Wisconsin Teams with Federal 18F Organization to Improve Unemployment System
In October, Wisconsin’s Department of Workforce Development announced a partnership with Google Cloud to speed up the processing of unemployment claims following a deluge of applications. Now, the state is aiming for a more far-reaching modernization effort of its unemployment insurance system.
In late March, Wisconsin partnered with 18F, the federal government’s digital services consulting agency housed within the General Services Administration, to overhaul its unemployment system.
The modernization push came after Wisconsin Gov. Tony Evers called a special session of the state legislature to upgrade the system, though state lawmakers did not provide funding for the project. The state will spend $1.2 million for 18F’s services, funding acquired through a $2.4 million federal grant.
There is clear urgency to update a system that became overwhelmed in 2020. As Government Technology reports, “between March 2020 and January 2021, DWD received 8.8 million unemployment claims, which surpassed the total number of claims of the previous four years combined by 1.6 million.”
“Typically, it can take over a year just to lay out the requirements for a full system overhaul of this scale,” Amy Pechacek, Evers’ nominee to lead DWD, said in a press release. “The department is on an aggressive timeline to begin a full-scale modernization of the UI system, so we’ve worked to start this project as quickly as possible.
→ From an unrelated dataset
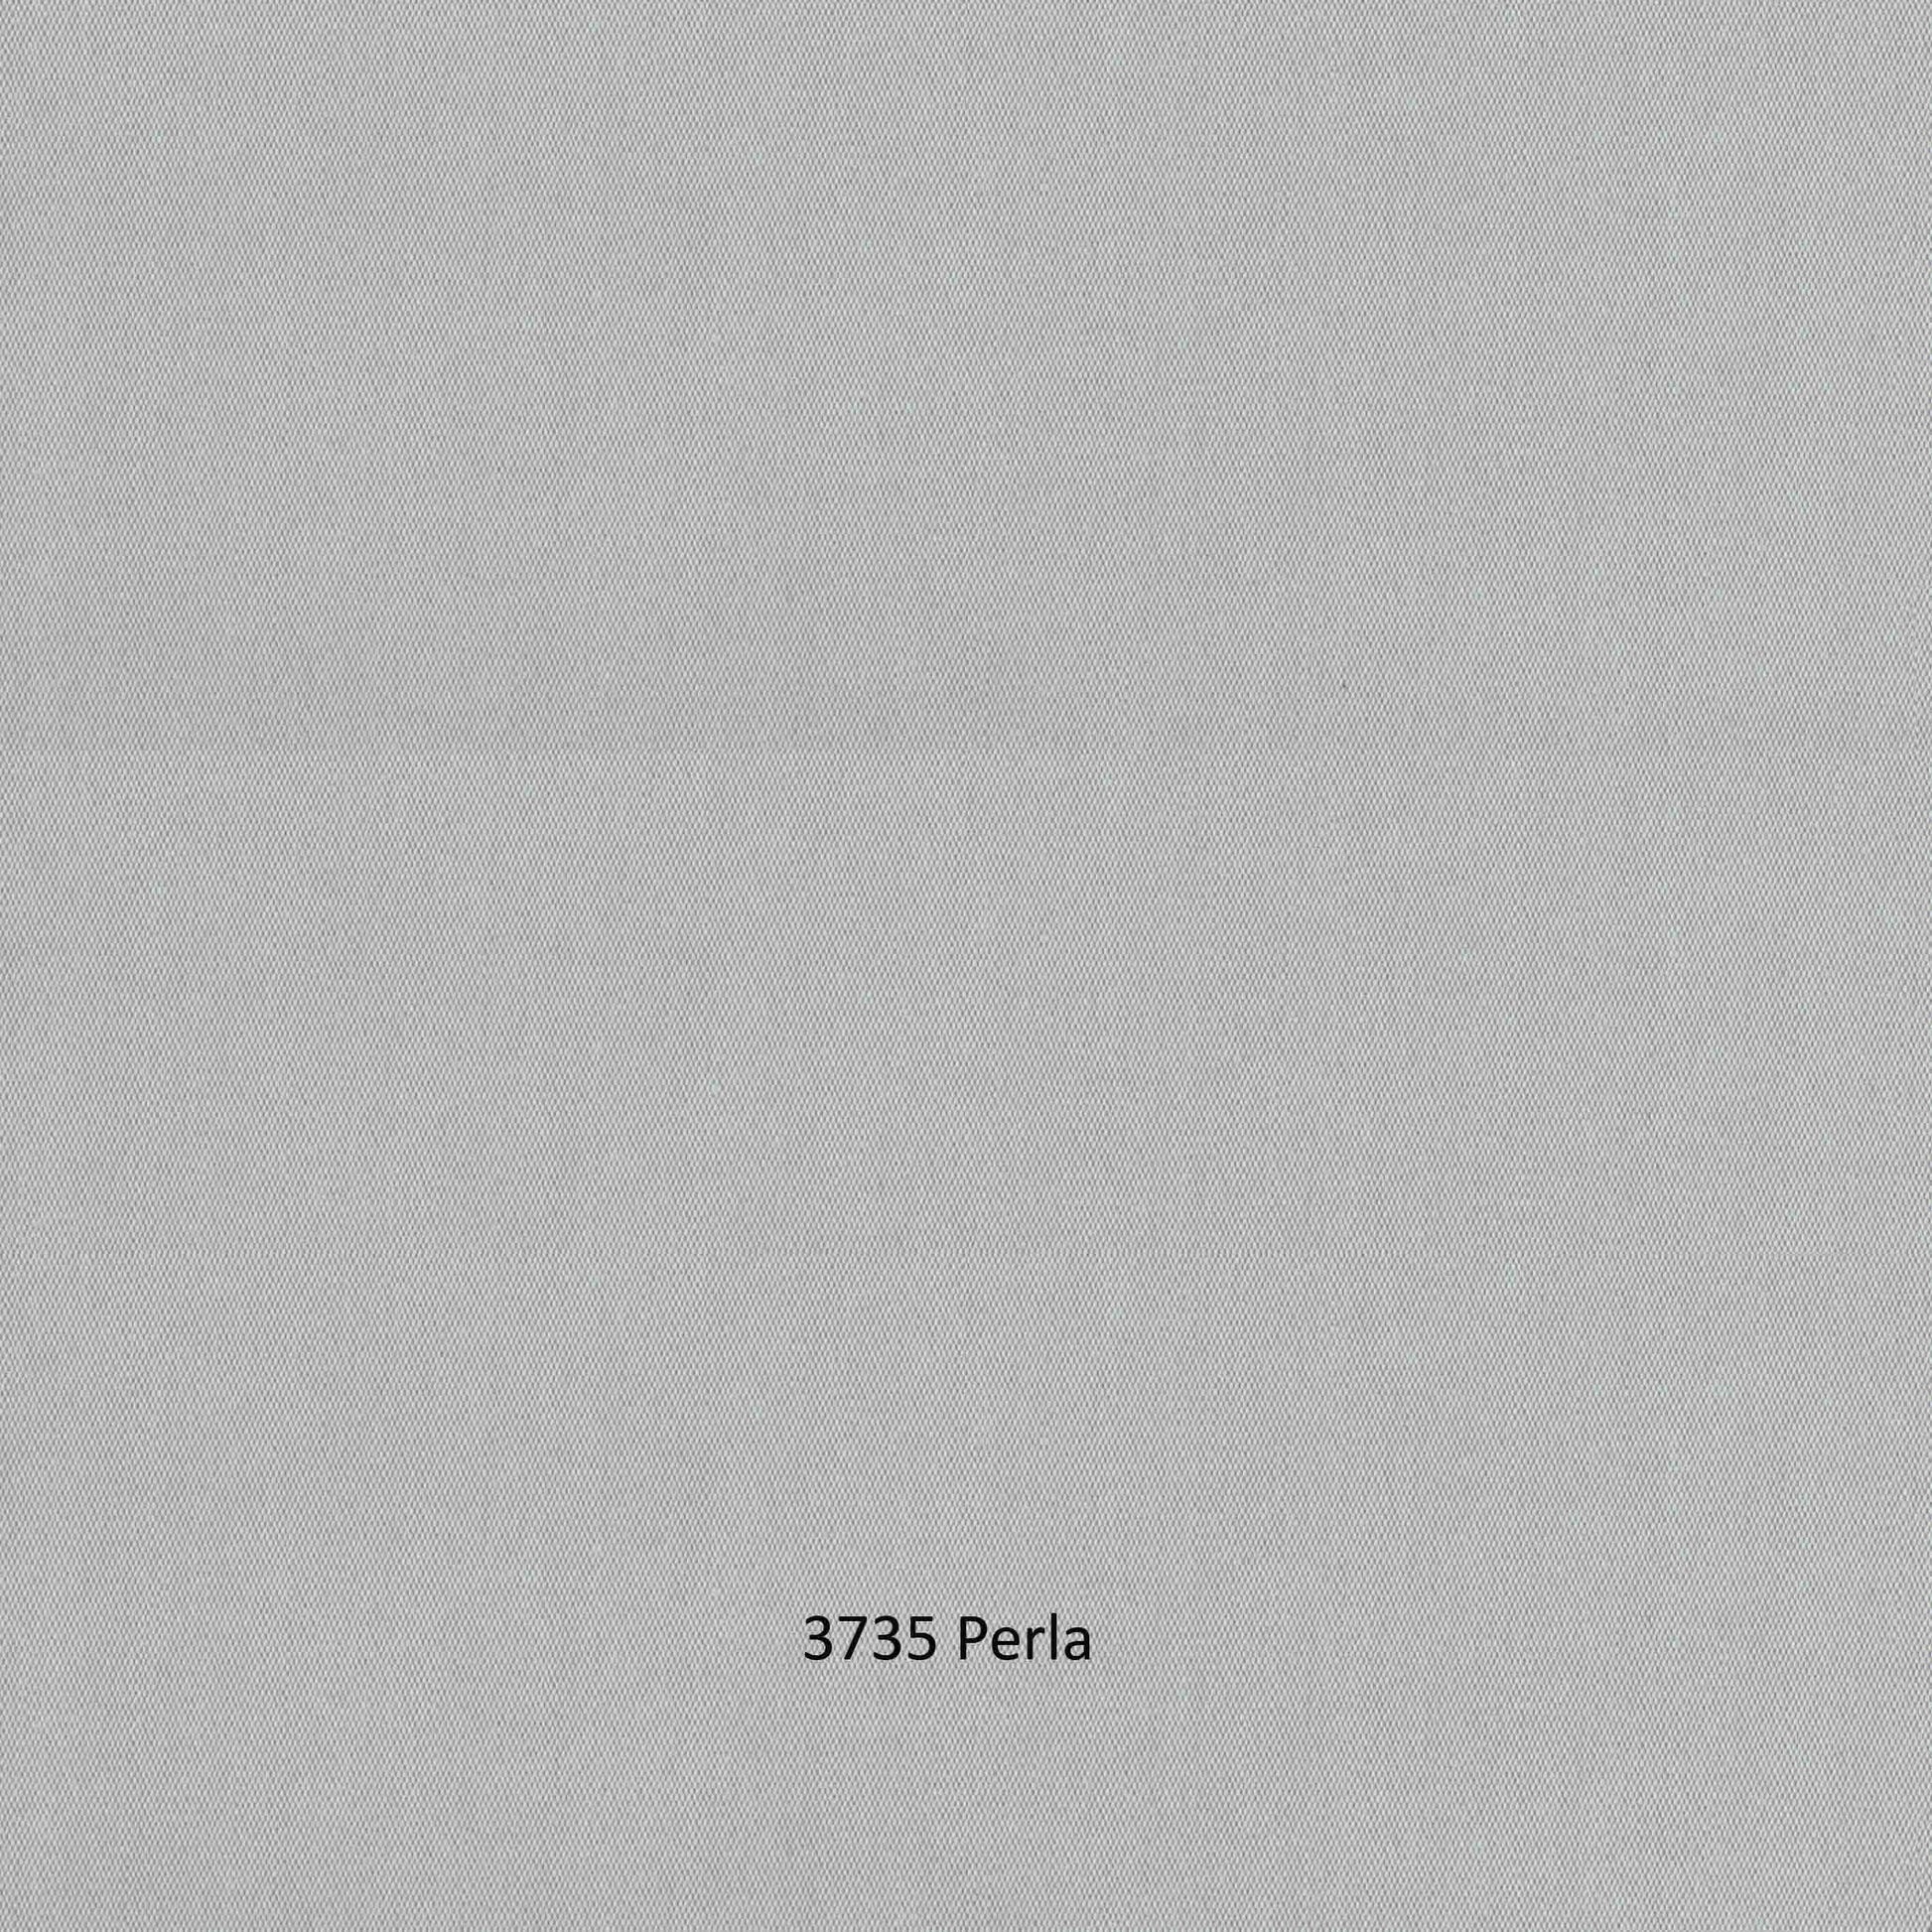 Milano Sofa - PadioLiving - Milano Sofa - Outdoor Sofa - Dark Grey 21mm Strap - Perla (£2398) - PadioLiving

Building on DWD’s success over the past four months, we are taking a nimbler approach to modernization that can provide faster results with the federal funding that is available.”
How 18F Aims to Help Wisconsin Modernize Its UI System
Modernizing the unemployment insurance system is a clear priority for Evers.
“Our antiquated system isn’t quite as old as I am, but it has been around since Richard Nixon was president — this system isn’t new, and these problems aren’t, either,” Evers, 69, said during his State of the State address in January, StateScoop reports. “And Republicans and Democrats alike are to blame. The fact of the matter is that previous administrations and more than a decades’ worth of legislators have known this system was outdated and couldn’t handle an economic crisis like the one this pandemic presented, and they never took the time to fix it.”
18F is primarily helping the DWD select a vendor to upgrade its system on an accelerated timeline, a GSA press release notes. Acquisition experts at the agency will leverage product thinking, user-centered design and modular contracting, with the goal of issuing a request for proposal or a series of RFPs no later than 10 weeks after the project commences. DWD’s contracting team will execute the final contract selection.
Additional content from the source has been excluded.